Reza Kenji Khan didn’t plan on skipping lunch that Thursday.


He had just wrapped up his morning change control meeting and was heading toward the breakroom for ten minutes of solitude: black coffee, no distractions. Then the first alert flashed across his dashboard.

SIEM ALERT: Multiple Failed Logins from CFO_ Account on Finance-01.

Annoying, but not urgent. Then the red flags started waving.

The CFO was on a flight to Zurich. The login attempts were from two physical locations at once. And the IP whitelist on Finance-01 had quietly been removed during a routine patch test the night before.


The war room activated. Quietly. Efficiently. Reza stood up and walked into the storm.


What Was Prepared

Rymar Tech’s incident response program had been matured over multiple quarters. Reza had helped refine it himself. In CISSP terms, this was Preparation, the first phase of the six-step lifecycle.


Everyone on the security operations team knew their role. Documentation was centralized. Playbooks were embedded in the ticketing system. Escalation contacts were preloaded into the IR tracker and printed in hardcopy in every conference room.

Reza didn’t hesitate.


“Marty, log all actions from here forward. Victor, start the bridge. Jenny, isolate the endpoint.”


This wasn’t the first time they had seen an alert. But the difference between a security alert and a full-blown incident is not the presence of compromise—it is the presence of readiness.


What Was Detected

The team entered the Detection and Analysis phase of incident response.

Reza reviewed packet flows using their internal network intrusion detection system. No signs of exfiltration yet. But Finance-01 was running background scripts that looked like enumeration activity. The attacker was probing group policies and attempting lateral movement.


Logs from the endpoint detection platform revealed a vulnerability exploit via DLL sideloading. The technique pointed to a threat actor with experience in privilege escalation, likely not an amateur.


More disturbing was that a malformed PDF had been opened three hours earlier. Reza correlated that moment with the first unusual log entries.
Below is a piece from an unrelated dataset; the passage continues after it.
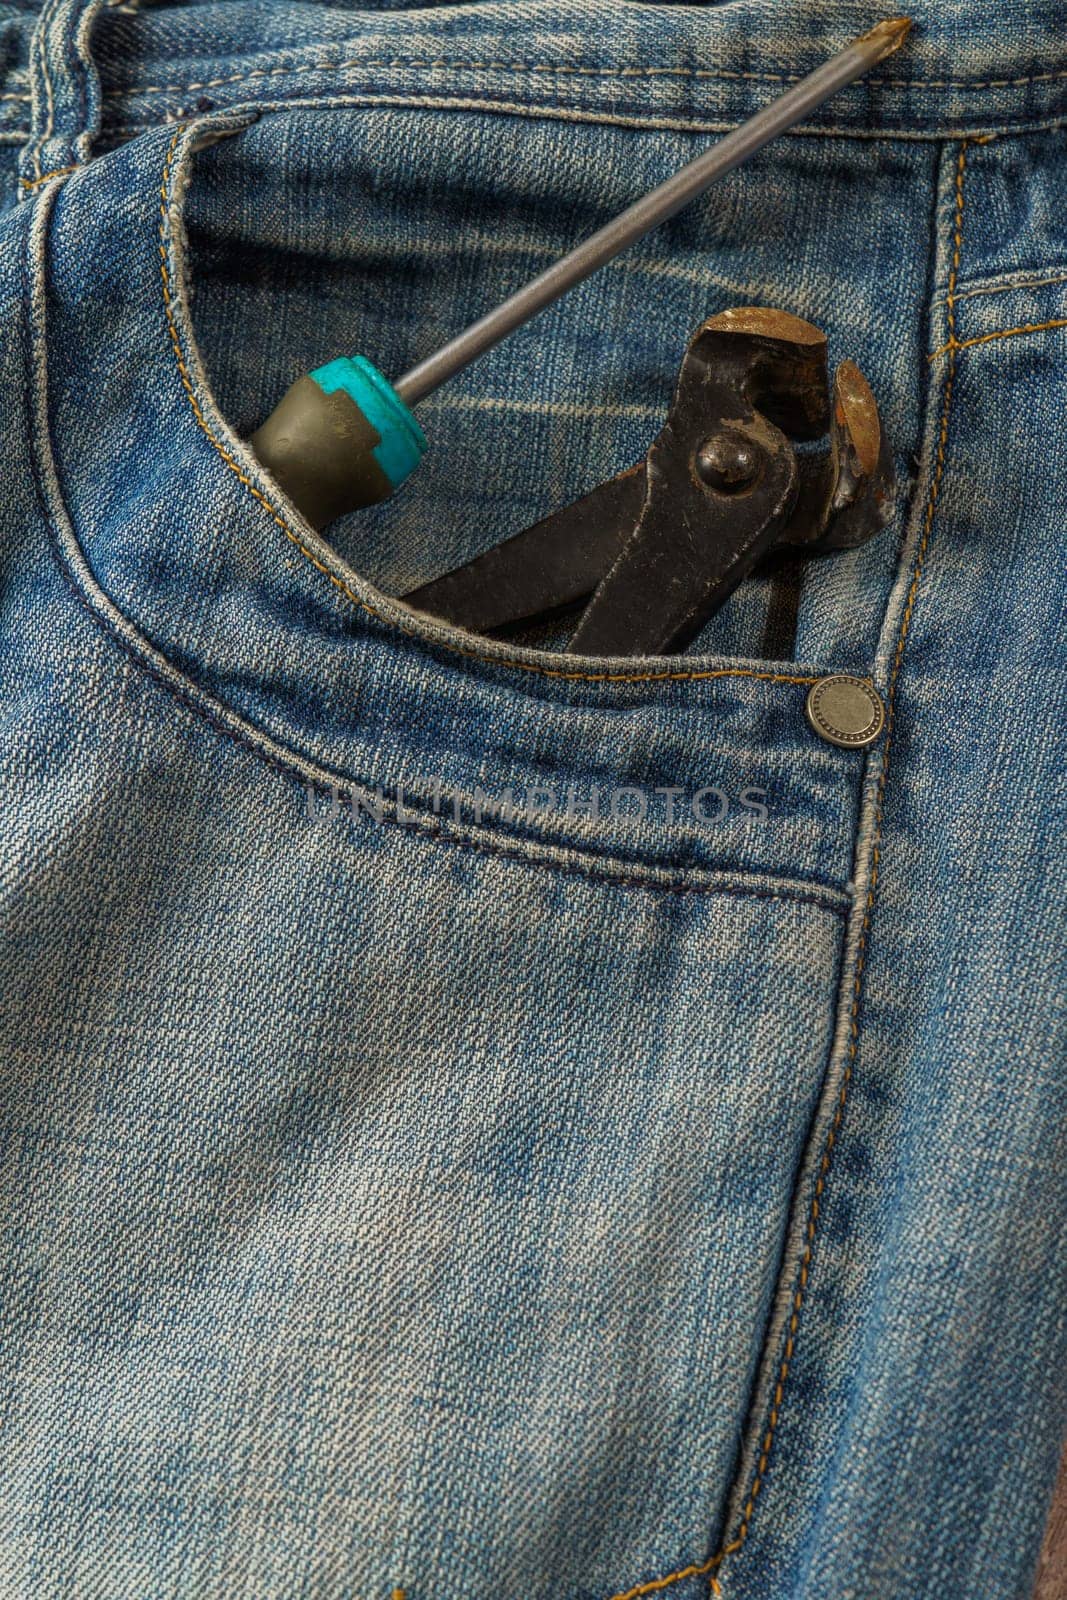 jeans with a screwdriver and pliers sticking out of the pocket

The attacker had breached initial access and was gaining foothold.


The incident was now confirmed. Not a false positive. Not a fluke.


What Was Contained

This was the Containment phase. Fast action, minimal disruption.
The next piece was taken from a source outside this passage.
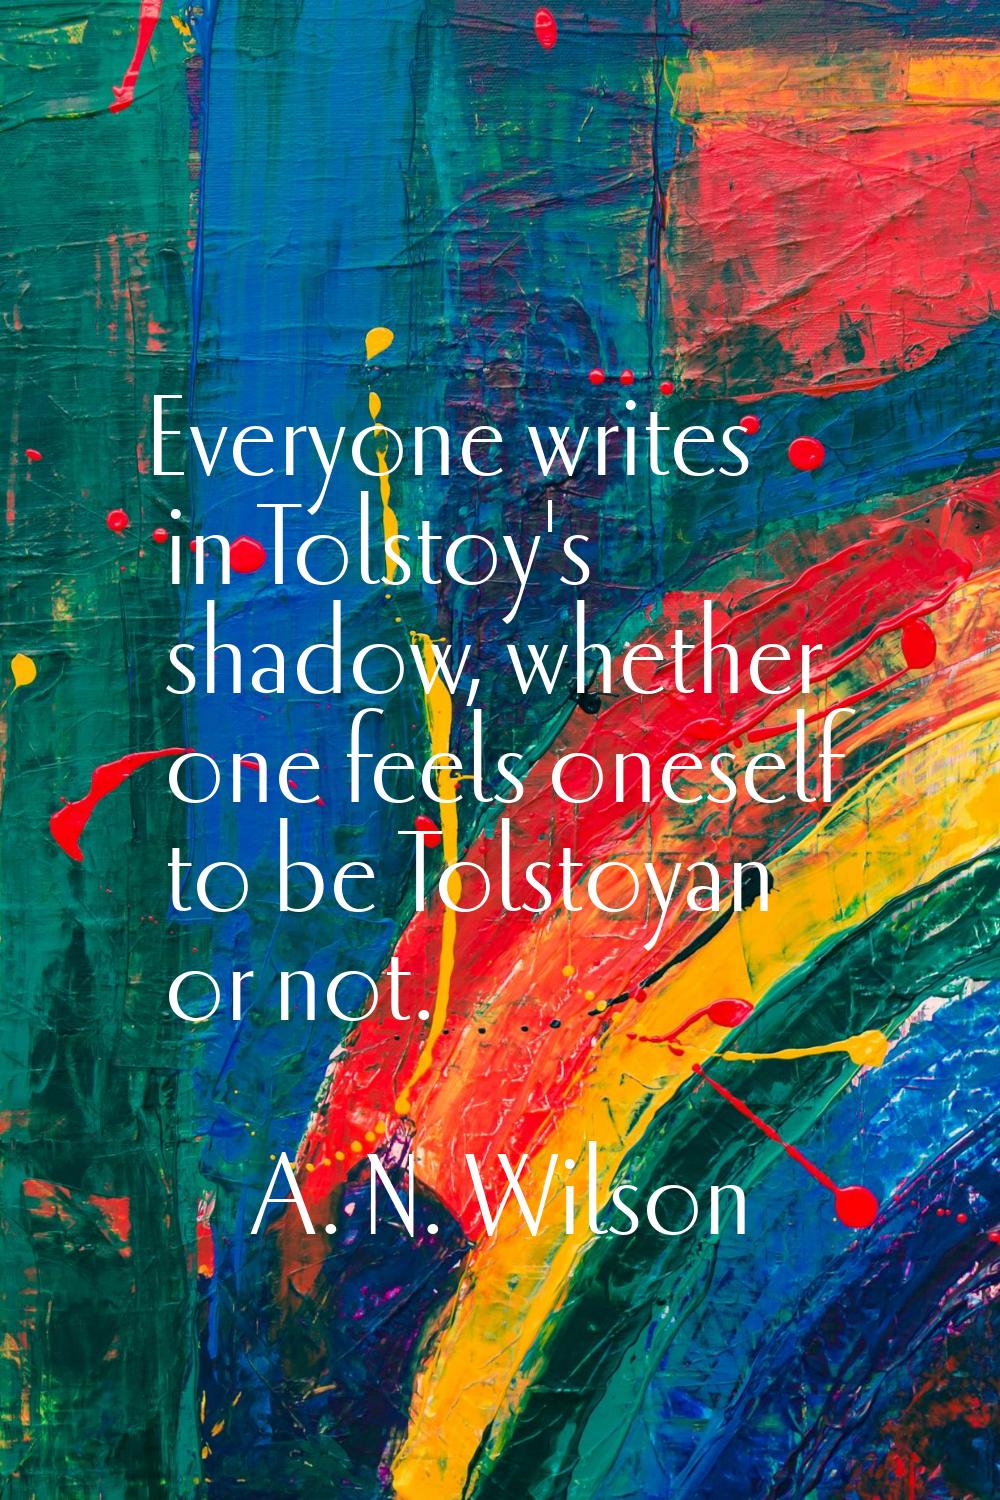 Everyone writes in Tolstoy's shadow, whether one feels oneself to be Tolstoyan or not.

The finance subnet was temporarily resegmented using a VLAN shift. Affected systems were removed from the domain. DNS entries were redirected. All outbound connections from that node were blocked while Reza verified if command-and-control callbacks had been established.


No panic. Just control.


The attacker’s initial access point was neutralized. The team disabled affected accounts and began rotating service credentials. MFA was reapplied to high-privilege users.

They were not wiping yet. Wiping was for eradication. This was still the window for analysis and boxing in the threat.


Reza maintained containment until forensics confirmed that no data had been copied or transmitted outside the environment.


What Was Removed

Now came Eradication.


The payload was found embedded in a PDF sent from what appeared to be a vendor partner. It bypassed filters due to a misconfigured data loss prevention rule that had been on Reza’s backlog for two months.


Classic.


The attacker had installed persistence mechanisms, including scheduled tasks and an obfuscated startup registry key. All were identified, removed, and the endpoint was scrubbed using their internal forensics tools.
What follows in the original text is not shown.